Gustave encargó que le hicieran un busto con la mascarilla mortuoria; este busto presidió su estudio durante toda su vida; hasta el día de su propia muerte, ocurrida en esa misma casa el año 1880. Maupassant ayudó a preparar el cadáver. La sobrina de Flaubert pidió que se hiciera el tradicional vaciado de la mano del escritor. Pero al final fue imposible: el último ataque había dejado el puño tan cerrado que no pudieron abrir la mano.

Partió la procesión, primero camino de la iglesia de Canteleu, y luego al Cimetière Monumental, en donde el piquete de soldados disparó su ridícula glosa a la última línea de Madame Bovary. Fueron pronunciadas algunas palabras, y luego comenzaron a bajar el ataúd. Se atascó. En esta ocasión la anchura había sido bien calculada; pero los sepultureros se habían equivocado de longitud. Los hijos de los patanes forzaron en vano el ataúd; no podían meterlo a la fuerza ni volver a sacarlo tirando de él. Después de unos minutos embarazosos, las personas que habían acompañado el féretro empezaron a irse de allí poco a poco, dejando a Flaubert atascado en el hoyo, con la cabeza más baja que los pies.

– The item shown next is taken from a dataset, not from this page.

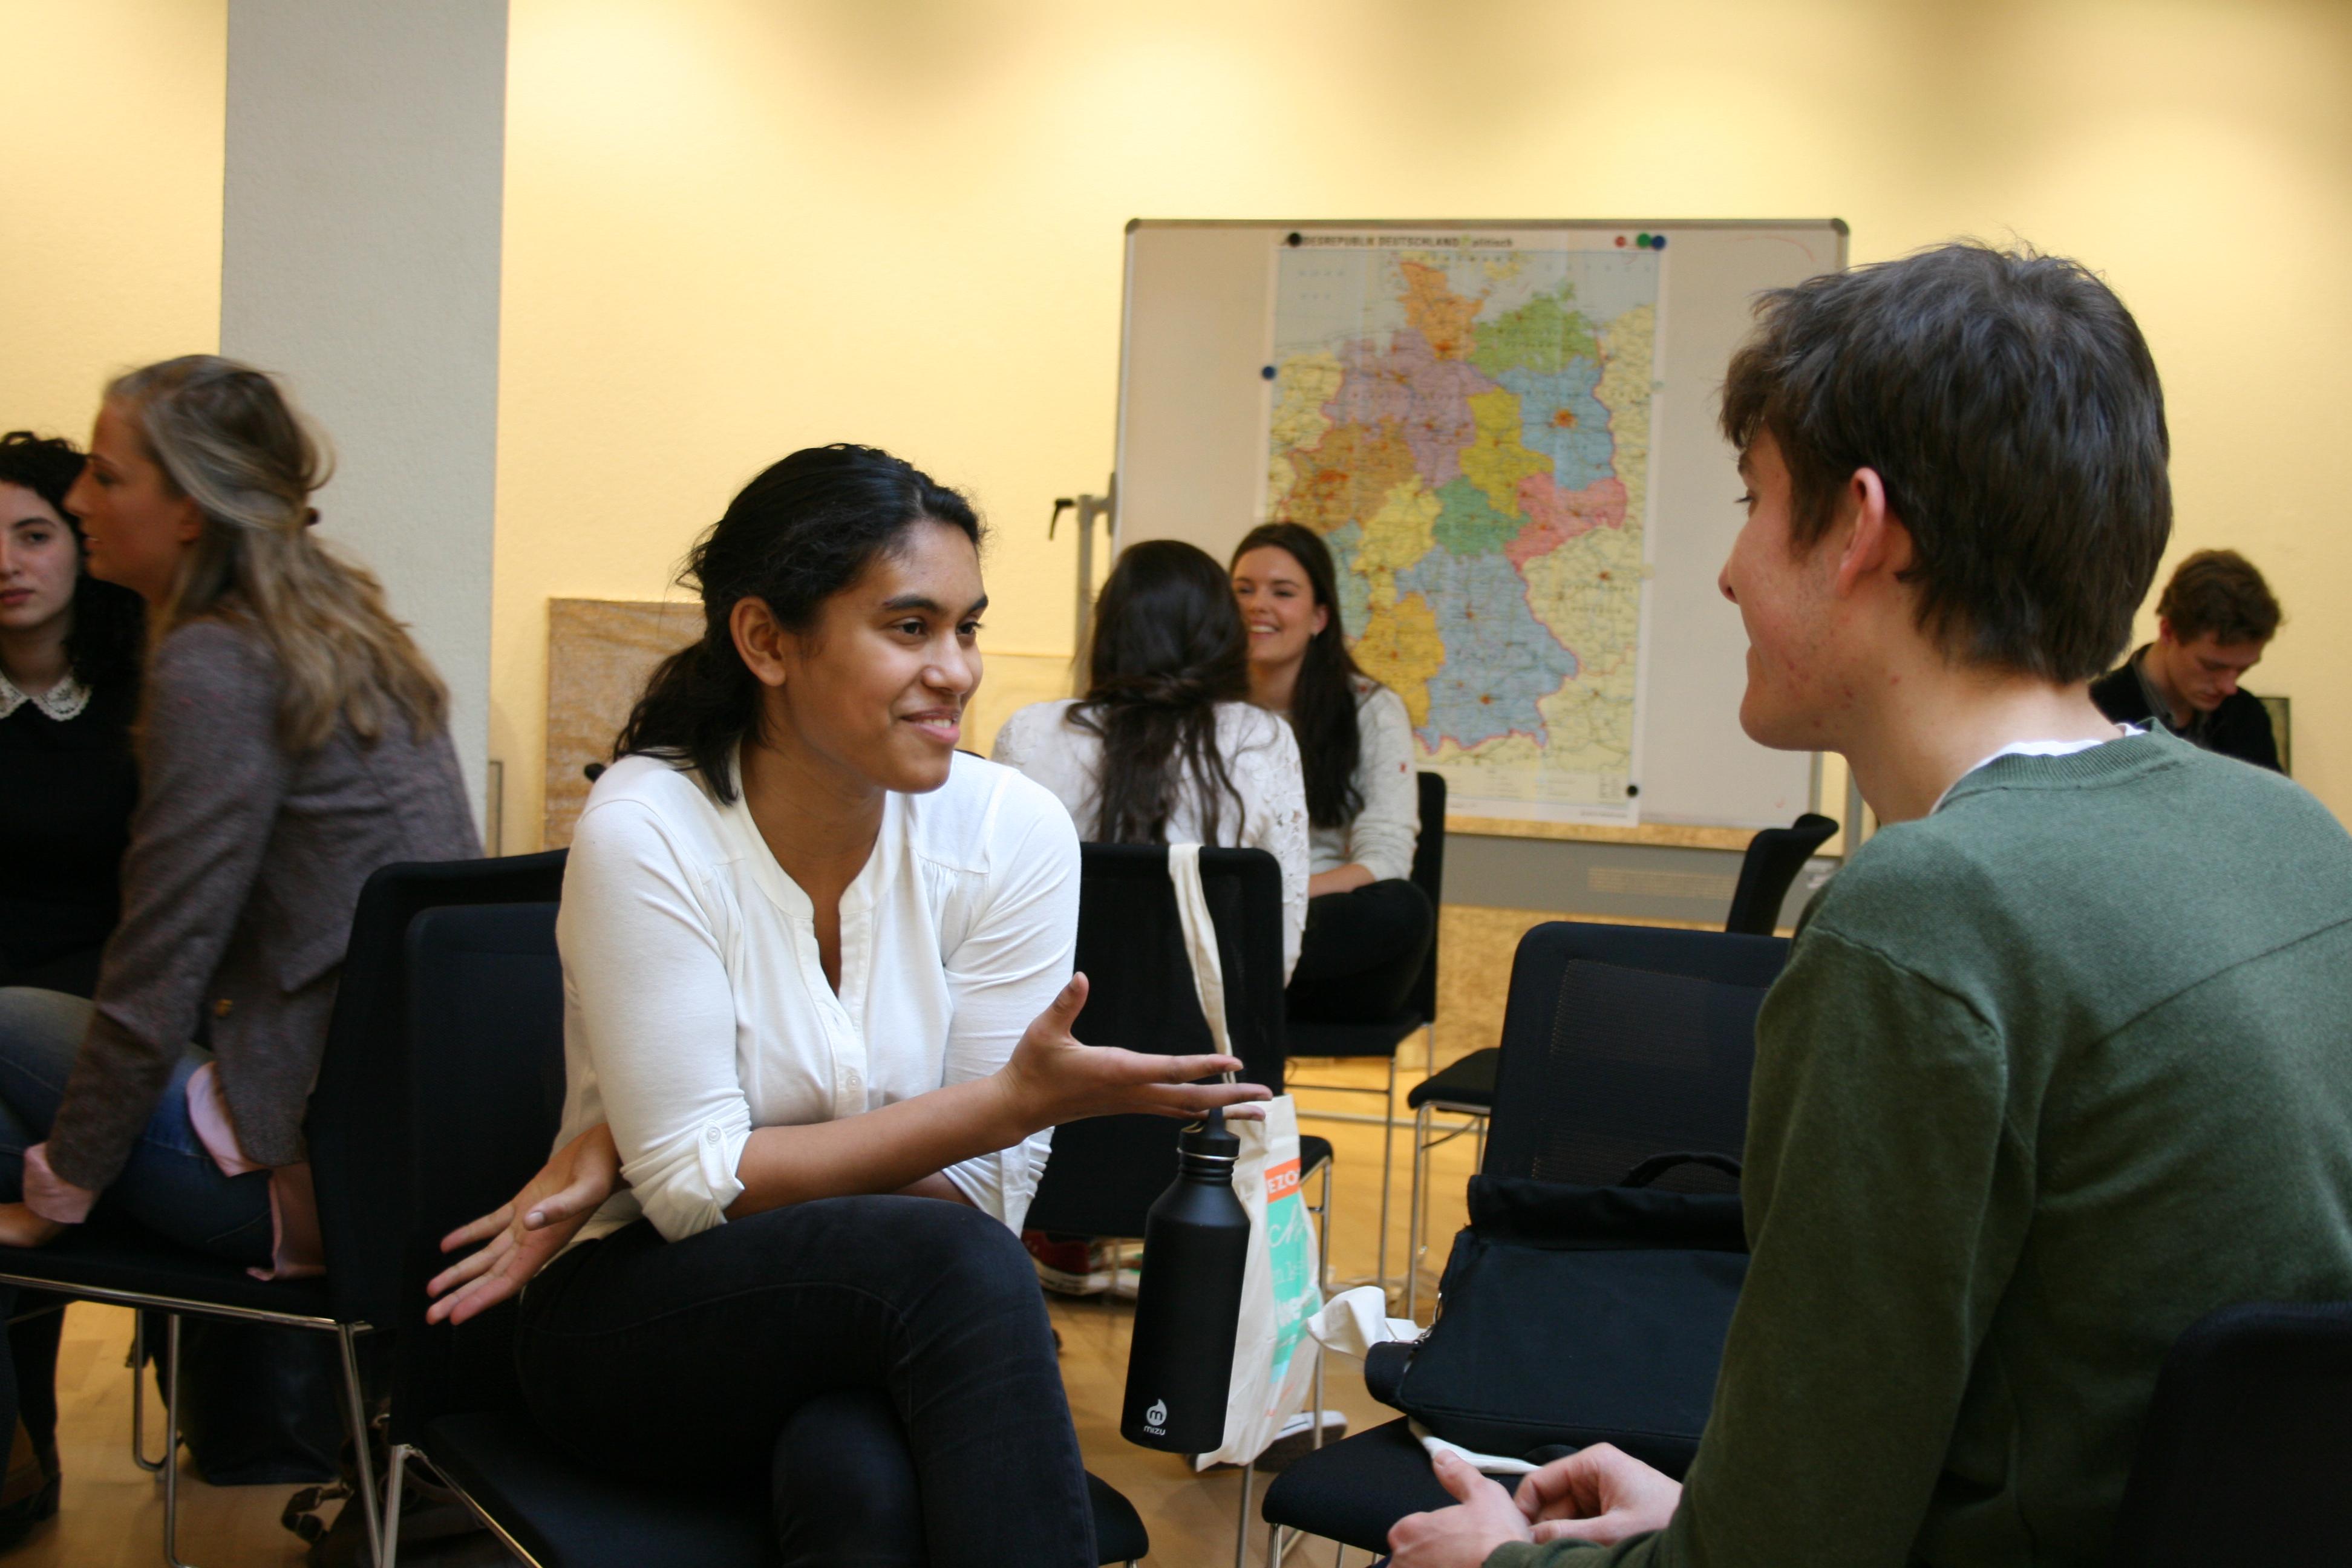 Studenten in gesprek met ervaringsdeskundigen tijdens onze workshop.

Los normandos son una raza famosa por su tacañería, y no hay duda de que sus sepultureros no son una excepción a esta regla; es posible que les duela hasta cada centímetro no estrictamente necesario de césped que se ven obligados a cavar, y parece que de 1846 a 1880 conservaron esta actitud a modo de tradición profesional. Es posible que Nabokov hubiera leído la correspondencia de Flaubert antes de escribir Lolita. Es posible que la admiración que H. M. Stanley sintió por la novela africana de Flaubert no resulte muy sorprendente. Es posible que lo que nosotros leemos como torpe coincidencia, como sedosa ironía o como atrevidas modernidades que se adelantaron a su tiempo, tuviesen un aspecto muy diferente en aquella época. Flaubert se llevó la tarjeta de visita de Monsieur Humbert de Rouen a las pirámides. ¿Pretendía con ello dejar con una sonrisa entre dientes, un anuncio de su propia sensibilidad; hacer una broma acerca de la imposibilidad de pulimentar la arenosa superficie del desierto; o quizá, sencillamente, tomarnos el pelo a nosotros?